Neo-liberalism’s economic-rational individualism is conflated with aggressive, hyper-masculine behavior in the series.[4] Neo-liberalism, with its prime concentration on promoting aggressive individualism and self-interest, does not leave much space for non-aggressive emotions, like compassion and humility, nor for socially-directed actions such as charity, working for social and economic justice, and community-building. Neo-liberalism’s focus on the primacy of self-care and entrepreneurship make it easier to attain support for cutting social services and public programs that do not directly support or promote the self-interests of the economic-rational individual.
The Drug Enforcement Agency (DEA) agents are also characterized by their aggressive and hyper-masculine behavior. With their male-bonding and masculine bravado, the DEA agents are social counterparts to the drug kingpins and dealers they are investigating. Similar to Eric Beck’s description of the social structures of The Wire, both groups are circumscribed within the bounds of neoliberal capitalism (Beck). While the drug dealers are filling a demand within an illegitimate market, the agents are busy protecting the legitimate market economy and society. The DEA agents’ aggressive behavior is best epitomized by Walt’s gregarious brother-in-law, DEA Supervisor Agent Hank Schrader. At Walt’s birthday party, Hank repeatedly berates Walt’s masculinity. In the episode “Grilled” (3/15/09), Hank boasts about a drug raid explicitly tying his sexual virility to his actions. During an intervention orchestrated by Skyler to persuade Walt to undergo treatment for his cancer, Hank is only able to relate to Walt’s situation through lame sports metaphors about winning and losing.

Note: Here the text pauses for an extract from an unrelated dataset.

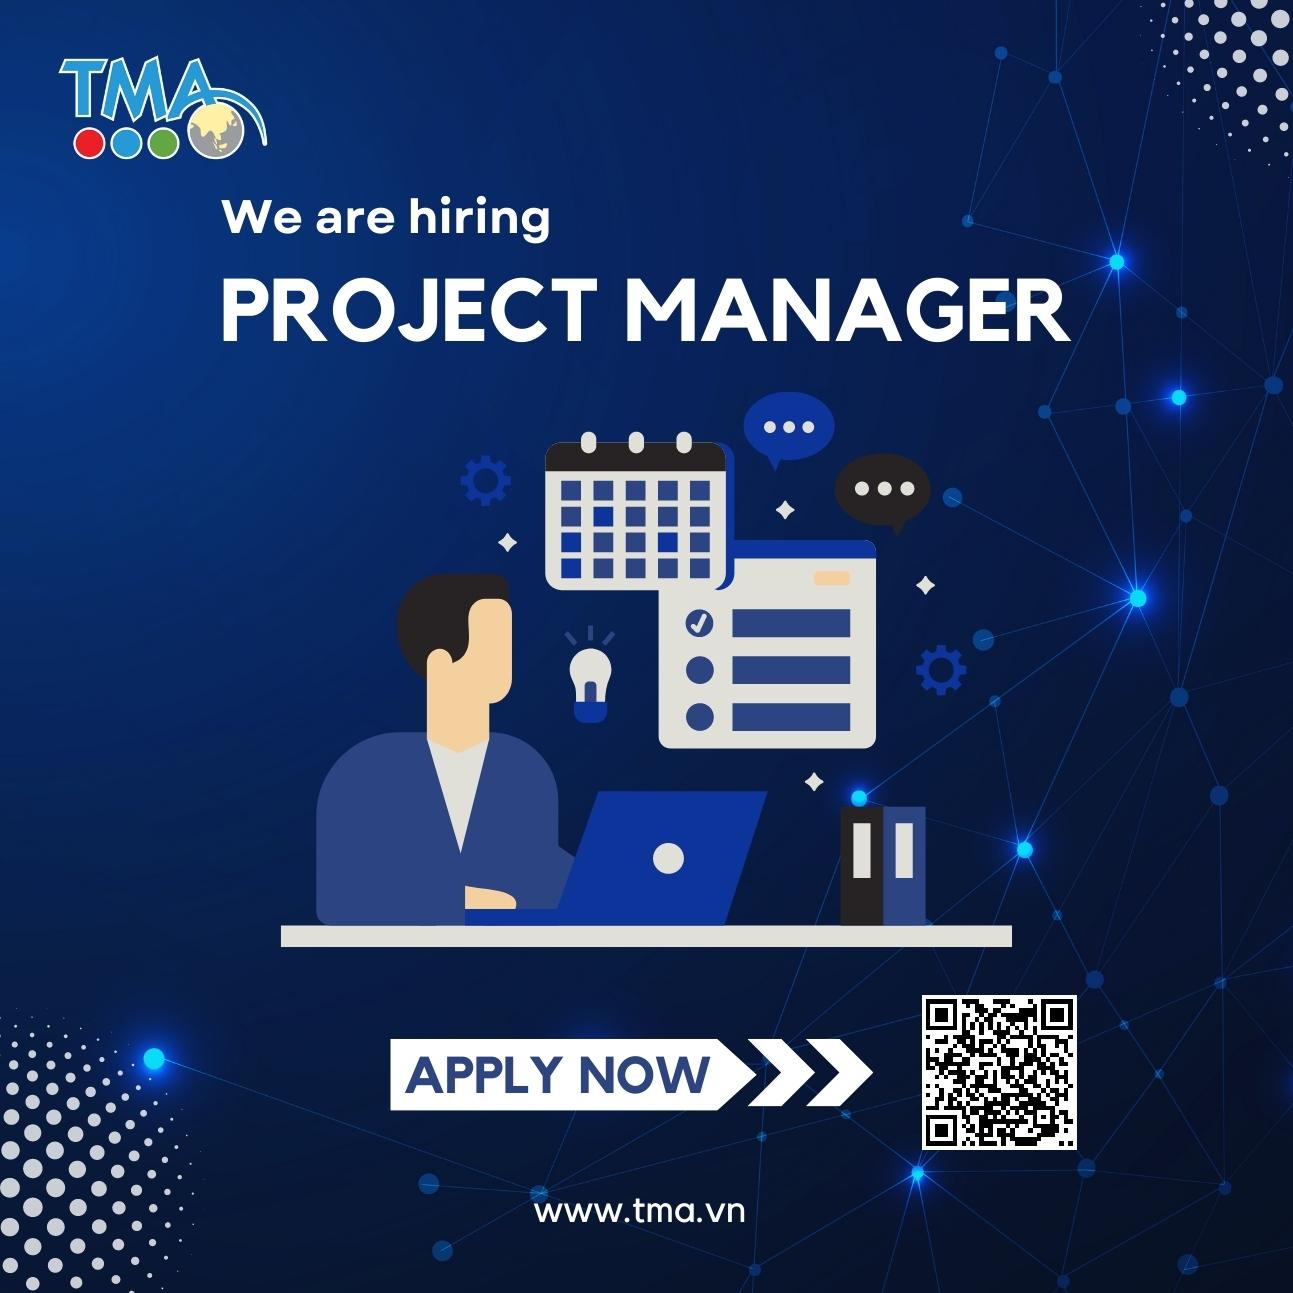 TMA is hiring Project Manager

Beneath Hank’s tough, immodest exterior lies a deep undercurrent of emotional vulnerability. When Hank goes on a DEA stakeout in Mexico, he spots a tortoise with Tortuga’s, a drug informant, severed head attached to it. The words “HOLA DEA” are painted on the shell. To his colleagues’ amusement, Hank edges away in disgust. Seconds later, the tortoise explodes killing several of the DEA El Paso agents. Hank’s near-death experience shakes him to the core. Later, when Hank is asked to work again with the El Paso Office as part of a promotion, he begins having anxiety attacks. He makes excuses to his boss about not leaving claiming that he is pursuing new leads on a big drug case. Hank’s boss decides to give the promotion to Hank’s partner Gomez (Steven Quezada). Marie, Hank’s wife, begs him to share his feelings about Gomez taking the promotion Hank was offered. Marie tells him that after his near-death experience, it is no wonder he does not want to return to El Paso. Refusing to acknowledge any concern about Mexico, Hank exclaims that he is staying in Albuquerque is to pursue critical leads in the Heisenberg[5] (Walt’s strange drug alias) investigation.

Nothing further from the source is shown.